Fig. 2. Methodological workflow for dataset processing, model training, and

evaluation.

The figure summarizes the experimental pipeline from dataset acquisition

and preprocessing through feature engineering, image generation, and model

evaluation across five random seeds.

B. Feature Engineering

Two engineered feature sets were created to provide

traditional baselines.

1. Basic set: extracted lightweight structural attributes

such as file size, section counts, imported library

frequencies, and entropy statistics.

2. Ember-Lite set: extended the Basic features with a

reduced subset of the EMBER 2018 dataset, including

byte histograms, header metadata, and string features.

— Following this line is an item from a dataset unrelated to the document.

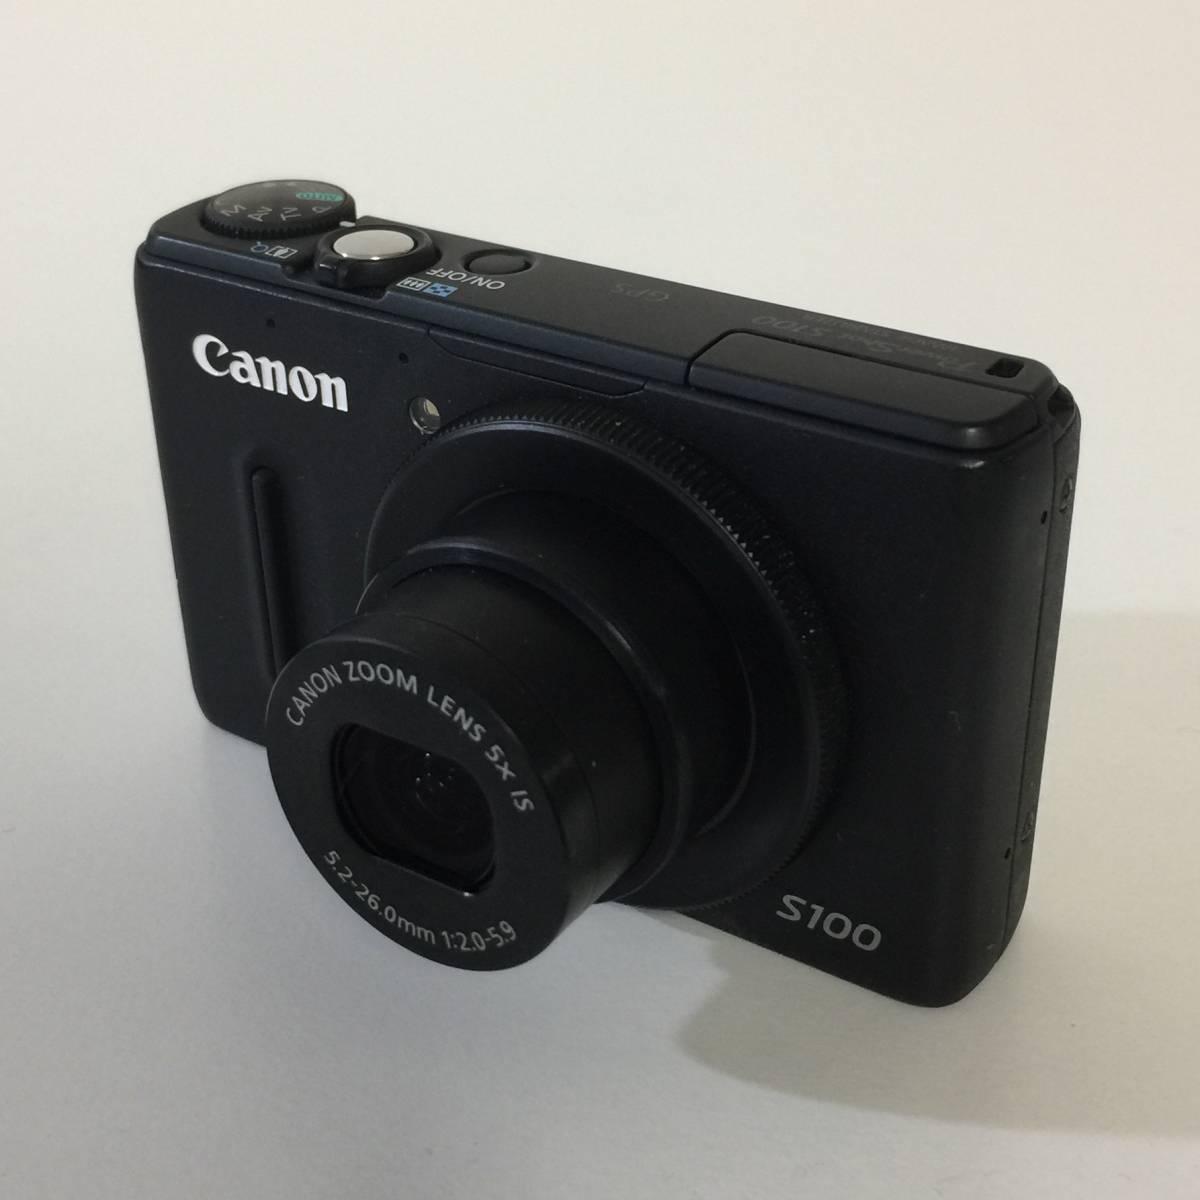 【Canon】 PowerShot パワーショット S100 ブラック 中古 1円スタート!!

The Ember-Lite feature set used here comprised only a

small, computationally lightweight subset of the

EMBER 2018 feature groups, selected to minimize

pre-processing overhead whilst still producing a more

detailed, EMBER-oriented set of features for

comparison.

Both sets were scaled using min–max normalization.

These vectors served as input to five machine-learning

models: Random Forest, XGBoost, CatBoost, LightGBM, and

Logistic Regression. Hyperparameters were tuned by grid

search on the validation split.

ISSN:1390-9266 e-ISSN:1390-9134 LAJC 2026 48

DOI:

LATIN-AMERICAN JOURNAL OF COMPUTING (LAJC), Vol XIII, Issue 1, January 2026

https://doi.org/10.33333/lajc.vol13n1.04

LATIN-AMERICAN JOURNAL OF COMPUTING (LAJC), Vol XIII, Issue 1, January - June 2026

C. Image Generation

For the visual-representation branch, each PE file was

converted into two 256x256 images: a greyscale byte map and

an entropy image. PE files shorter than 65,536 bytes were

zero padded before reshaping and files exceeding this length

were truncated so that all samples produced a consistent

256x256 matrix.

• The greyscale representation mapped each byte value

(0-255) to a pixel intensity, preserving sequential

order.

• The entropy representation applied a sliding-window

Shannon entropy calculation to highlight structural

irregularities related to code density, packing, and

compression.

Images were stored as compressed PNGs and normalized

to the [0, 1] range at load time. Three input modalities were

tested: single-channel greyscale, single-channel entropy, and

dual-channel combined images. The dual-channel version

concatenated normalized greyscale and entropy matrices

along the channel axis to retain spatial alignment.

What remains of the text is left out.